Alternatively, FIG. 2 is a schematic structural diagram of another heat dissipation structure of a semiconductor device according to an embodiment of the present disclosure. The heat dissipation structure shown in FIG. 2 differs from the heat dissipation structure shown in FIG. 1 in including at least two inflow channels 204 and one outflow channel 205, which is illustrated in FIG. 2 only by including two inflow channels as an example. As shown in FIG. 2, two inflow channels 204 may be located at two sides of the heat dissipation structure 20, respectively, and the outflow channel 205 may be located in the middle of the heat dissipation structure 20. Two heat conducting channels are formed by that the heat conducting medium flows in through two inflow channels 204, respectively and flows out through the outflow channel 205, so as to ensure that the semiconductor device 10 may sufficiently dissipate heat. It should be noted that embodiments of the present disclosure do not limit the number and position of the inflow channel 204 and the outflow channel 205, and it suffices to form at least one heat dissipation channel, while it is ensured that the inflow channel 204 is disposed corresponding to the first heat dissipation window 203. The opening area of the first opening 2041 of the inflow channel 204 is greater than the opening area of the second opening 2042, which ensures that the heat conducting medium may flow through the semiconductor device 10 at a high flow velocity, and ensures rapid heat dissipation of the semiconductor device 10.
Alternatively, the inflow channel 204 of the heat dissipation channel may be connected to a heat conducting medium supply device (not shown) which outputs a heat conducting medium into the inflow channel 204. The outflow channel 205 of the heat dissipation channel may be connected to a heat conducting medium recovery device (not shown), and the heat conducting medium that has undergone heat exchange with the semiconductor device 10 is output to the heat conducting medium recovery device through the outflow channel 205.
Alternatively, as shown in FIG. 1 or FIG. 2, the cross-sectional shape of the inflow channel 204 may be a splayed shape. The first opening 2041 corresponds to a lower end of the splayed-shaped opening, and the second opening 2042 corresponds to an upper end of the splayed-shaped opening, ensuring that the opening area of the first opening 2041 is greater than the opening area of the second opening 2042.
Alternatively, FIG. 3 is a schematic structural diagram of yet another heat dissipation structure of a semiconductor device according to an embodiment of the present disclosure. As shown in FIG. 3, the cross-sectional shape of the inflow channel 204 may be a step shape. The shape of the inflow channel 204 illustrated in FIG. 3 is not gradually narrowed from the first opening 2041 to the second opening 2042, but there is at least one varying step to ensure that the opening area of the first opening 2041 is greater than the opening area of the second opening 2042.

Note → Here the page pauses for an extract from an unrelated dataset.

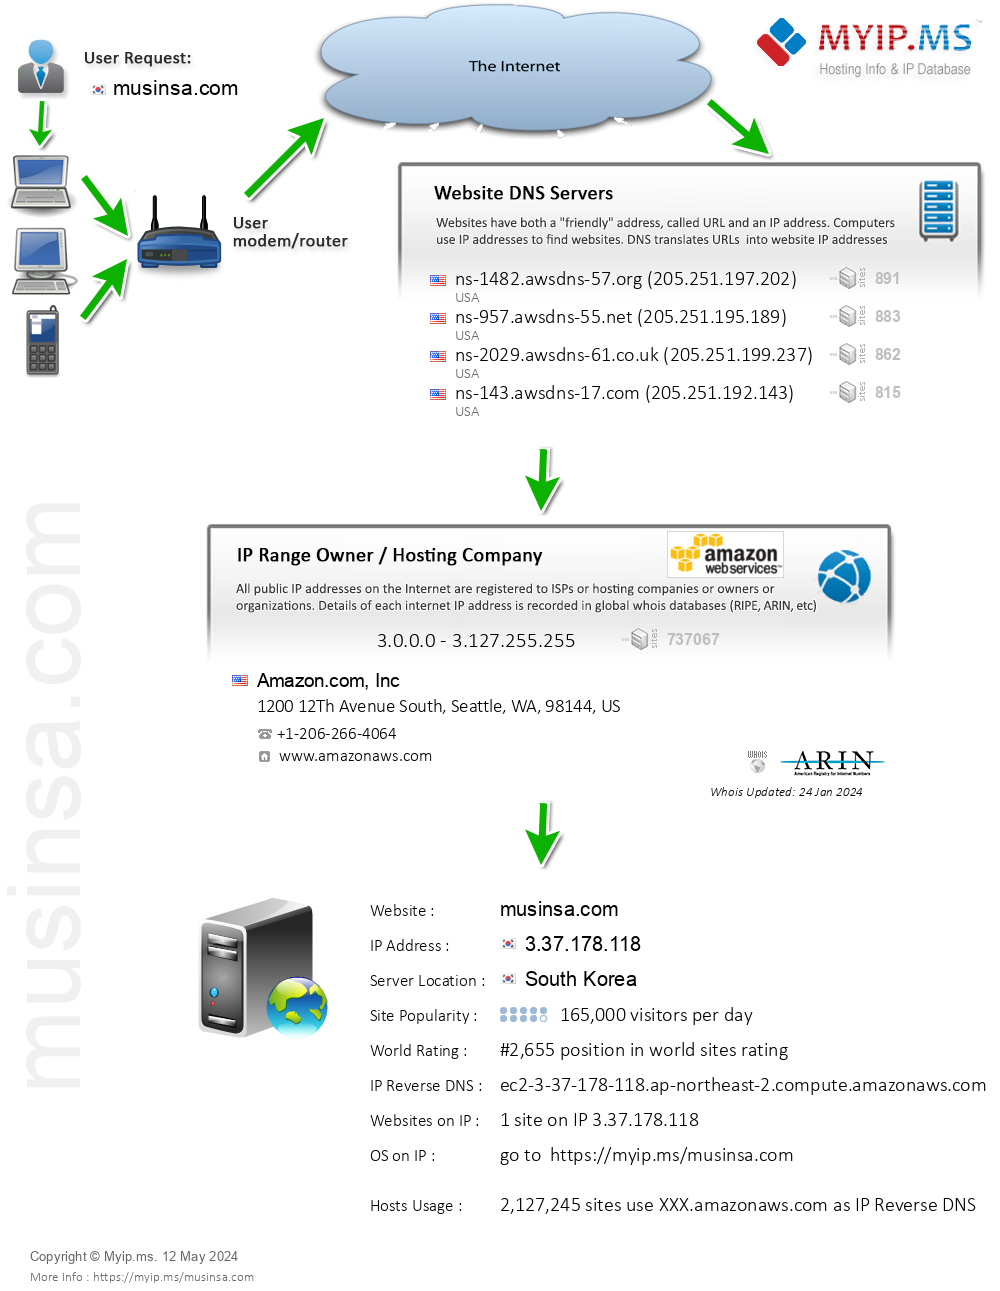 Musinsa.com - Website Hosting Visual IP Diagram

Alternatively, a material of the upper surface 202 and the lower surface 202 of the heat dissipation structure 20 and the heat dissipation channel is stainless steel or silicon.
In summary, the heat dissipation structure of a semiconductor device provided by the embodiments of the present disclosure, by forming a first heat dissipation window on an upper surface at a side close to the semiconductor device, and transmitting a heat conducting medium to the first heat dissipation window via the inflow channel of the heat dissipation channel, while an area of the first opening of the inflow channel is greater than an area of the second opening of the inflow channel, ensures that the heat conducting medium flowing in through the inflow channel has a great outflow velocity at the second opening, ensures that the heat conducting medium is in sufficient contact with the semiconductor device, the heat conducting medium can exchange heat with the semiconductor device sufficiently, and the heat generated by the semiconductor device can be quickly dissipated, ensures a normal output power of the semiconductor device and increases the service life of the semiconductor device.
Alternatively, FIG. 4 is a schematic structural diagram of a semiconductor device according to an embodiment of the present disclosure. The semiconductor device according to the embodiment of the present disclosure includes the heat dissipation structure of a semiconductor device according to the embodiment mentioned above. Specifically, the semiconductor device according to the embodiment of the present disclosure may include the heat dissipation structure mentioned above, and a substrate 101 located at a side of the upper surface 201 of the heat dissipation structure 20, a second heat dissipation window 102 being formed in the substrate 101, vertical projection of the second heat dissipation window 102 on a plane of the substrate 101 and vertical projection of the first heat dissipation window 203 on a plane of the substrate 101 having an overlapping region, the second heat dissipation window 102 and the first heat dissipation window 203 forming a heat dissipation cavity 103.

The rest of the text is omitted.